At the Stroke of Nine O’clock opens a window onto 1950s London: a world of smog, sex and sleazy Sunday papers, of racing car drivers and louche lounge lizards. Jane Davis’s powerful latest novel follows three women – a duchess, a movie star and a working-class girl trying to make her own way. in the big city Their lives collide and they are brought together during the trial and sentencing of Ruth Ellis, the last woman to be hanged in Britain. Insightful, incisive and beautifully crafted prose perfectly captures the spirit of an age, the transition between pre- and post-war Britain and the changing role of women. This powerful book is insightful and always surprising, it transports us to a world where women are lied to and exploited by men in so many different ways – and where these three very different women search for ways to fight back.
I was given an ARC of the book to review. The views here are entirely mine.


Real and convincing characters, with an exceptionally convincing sense of place and time – this novel brings friendship, social history and class divide into sharp focus.
I loved the attention to the small details (classic Jane Davis); such as when Caroline puts on a dress belonging to a previous hostess, it smells of her perfume. Gave me a real sense of time and place.

Riveting, with a slow burn, and (this is excellent) a low level of dread / anticipation as I waited for something terrible to happen to Whitlocke and for a death. I was surprised by the outcome (another good thing)

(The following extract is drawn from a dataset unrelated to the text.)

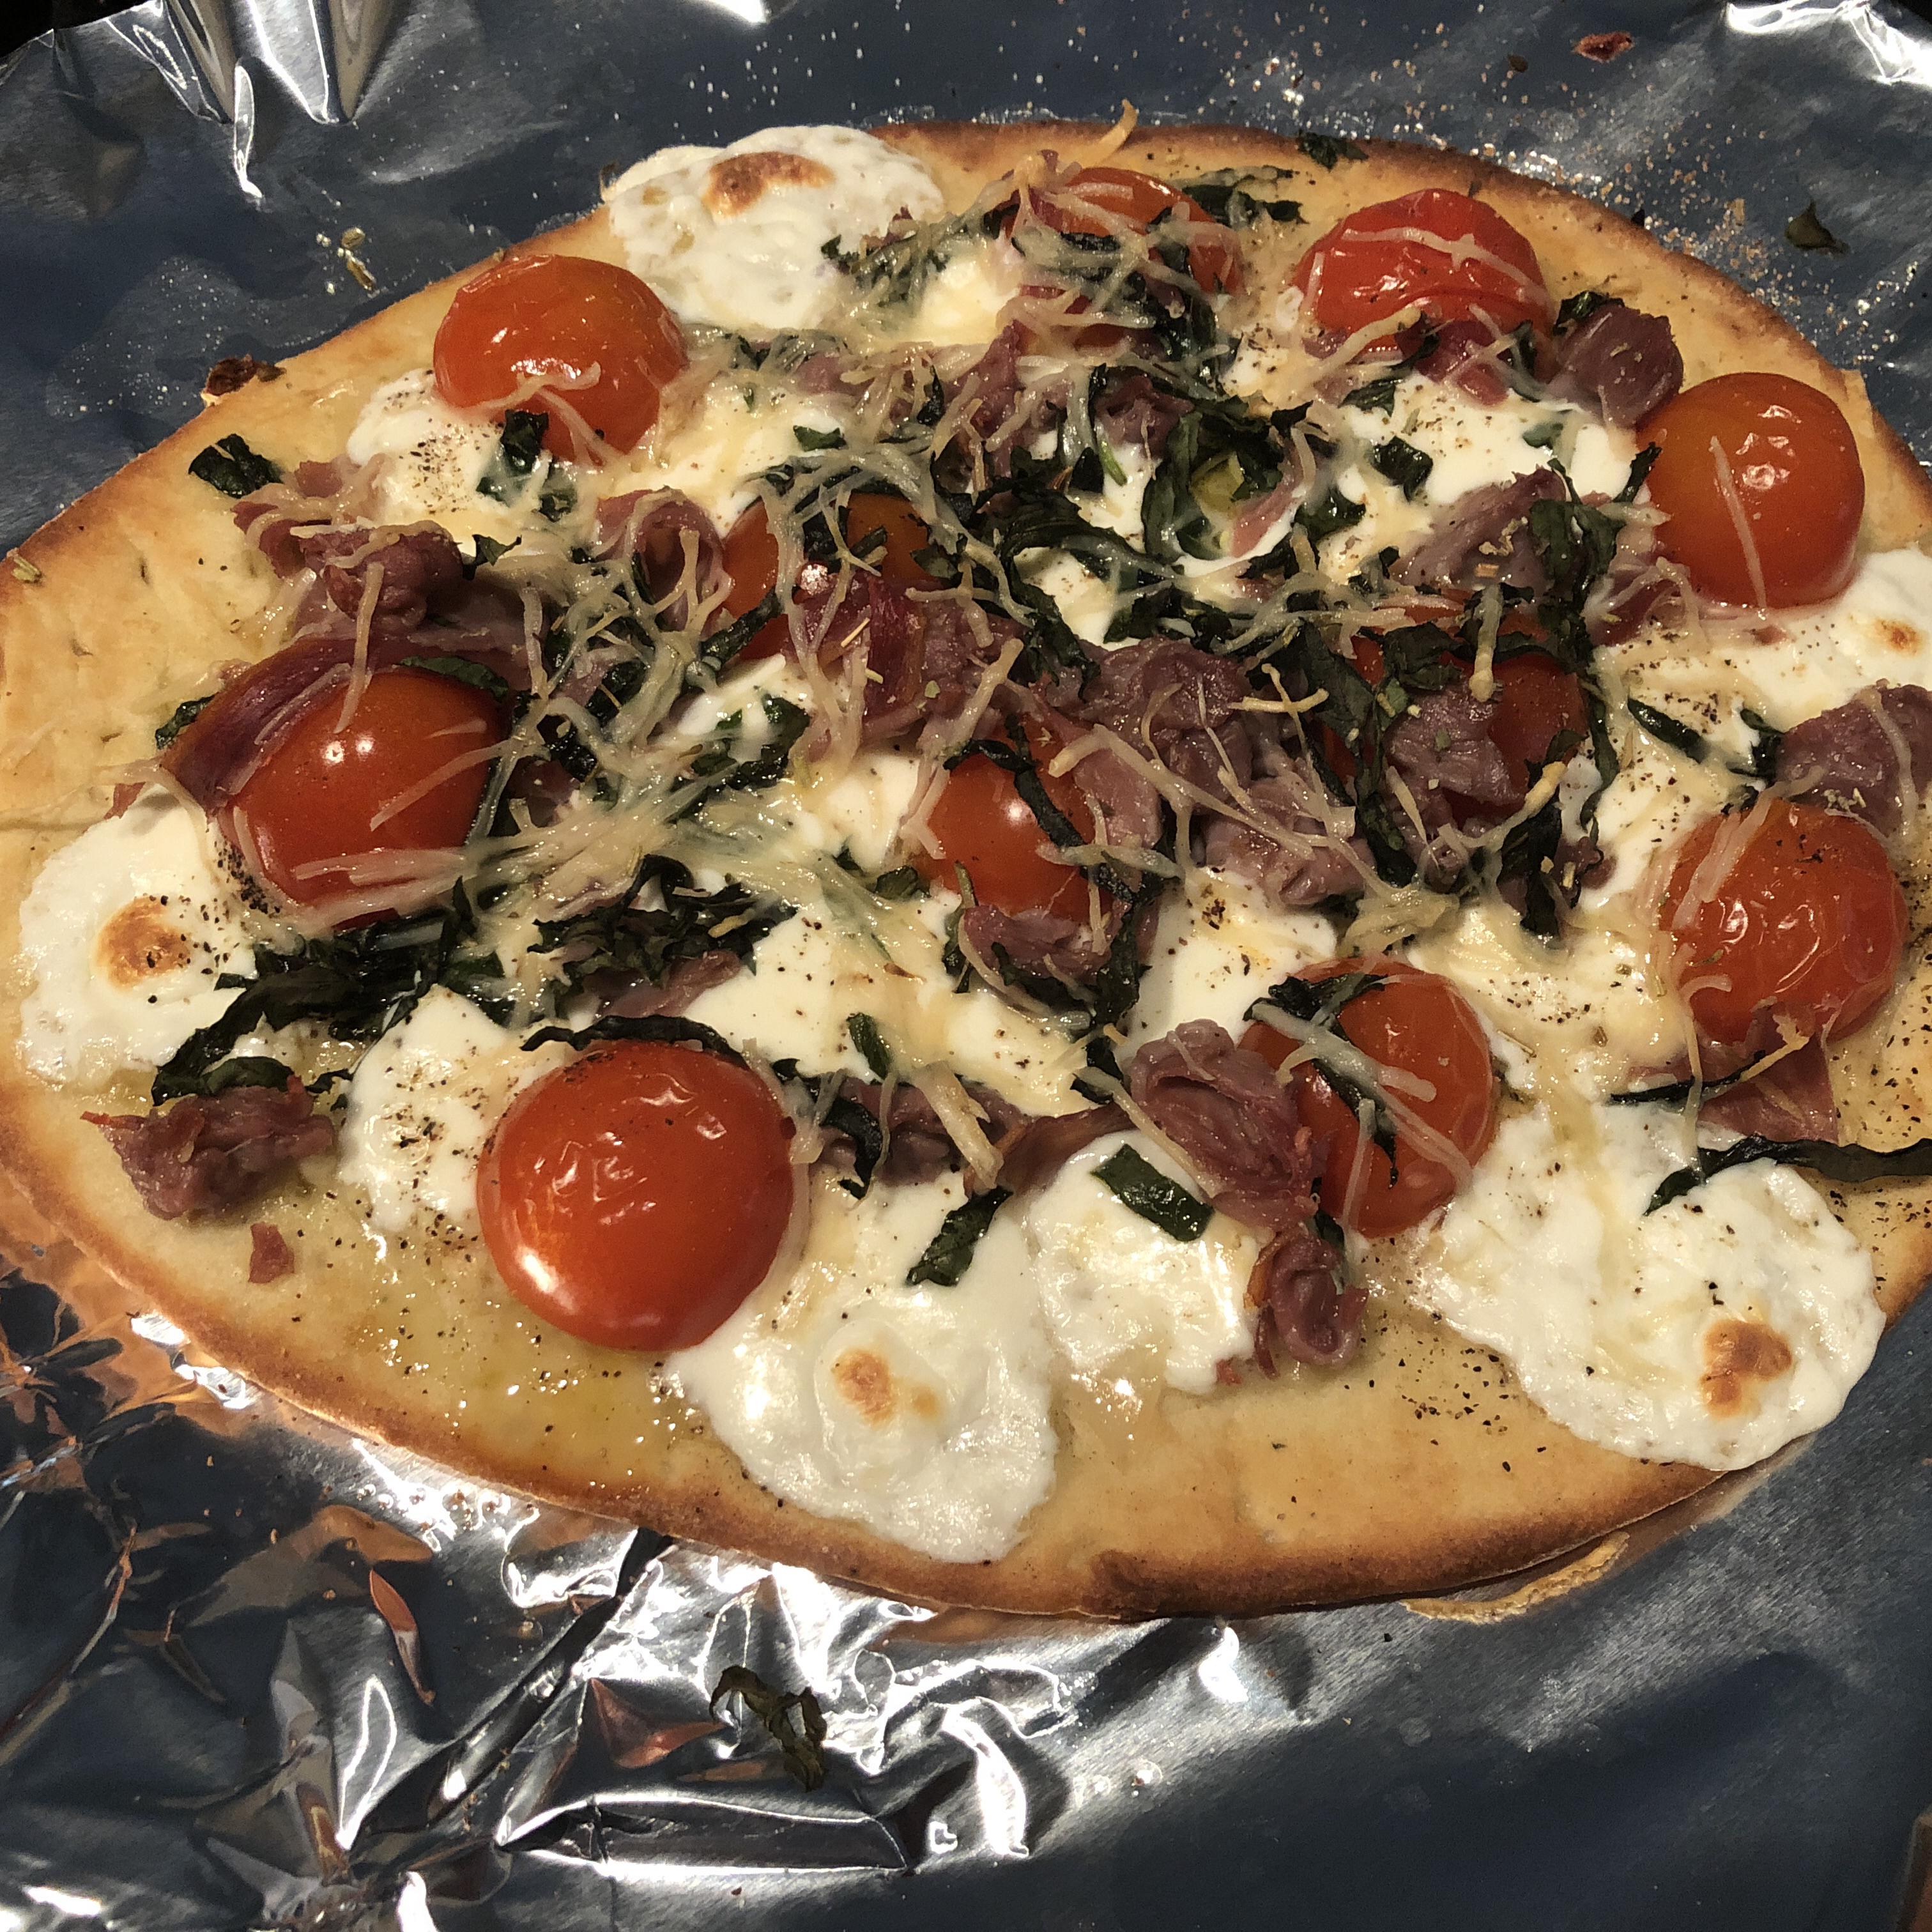 Naan Bread Margherita Pizza with Prosciutto jrcurtis78

I could say more - but I don't want to risk spoilers :-)

Marion Feltham

I was only a child when Ruth Ellis was hanged and this wonderful book, through it's brilliant story telling, explained the world Ruth inhabited, the wrongs women of all classes suffered, and how unjust her sentence was. Great read. I even went to bed early most nights to get back to it!!

Darlene Jones

Read a book by Jane Davis: These Fragile Things.
Think: Amazing. Riveting. So well written. Doesn't get any better than this.
Read another book by Jane Davis: A Funeral for an Owl.
Think: Complex. Amazing characterizations. So well written. Doesn't get better than this.
When you've read all of her books and think Davis can't possibly outdo herself, she writes a new book.
And it's even better. How does she do it?
The magic of Davis' writing is hard to define. It's not just in what she says. The power comes from what she doesn't say, but hints at. She gives the reader enough that the "missing bits" serve to strengthen the characters and plot in the reader's mind.
The quote on the cover sums it up well.

She Reads All The Time

The best books offer a solid glimpse into worlds unknown, and this one delivers beautifully. The culture of London's private clubs alone is enough, but Davis also allows us to ponder life as a duchess or fabled actress. A well-crafted narrative moves the story along at a good pace.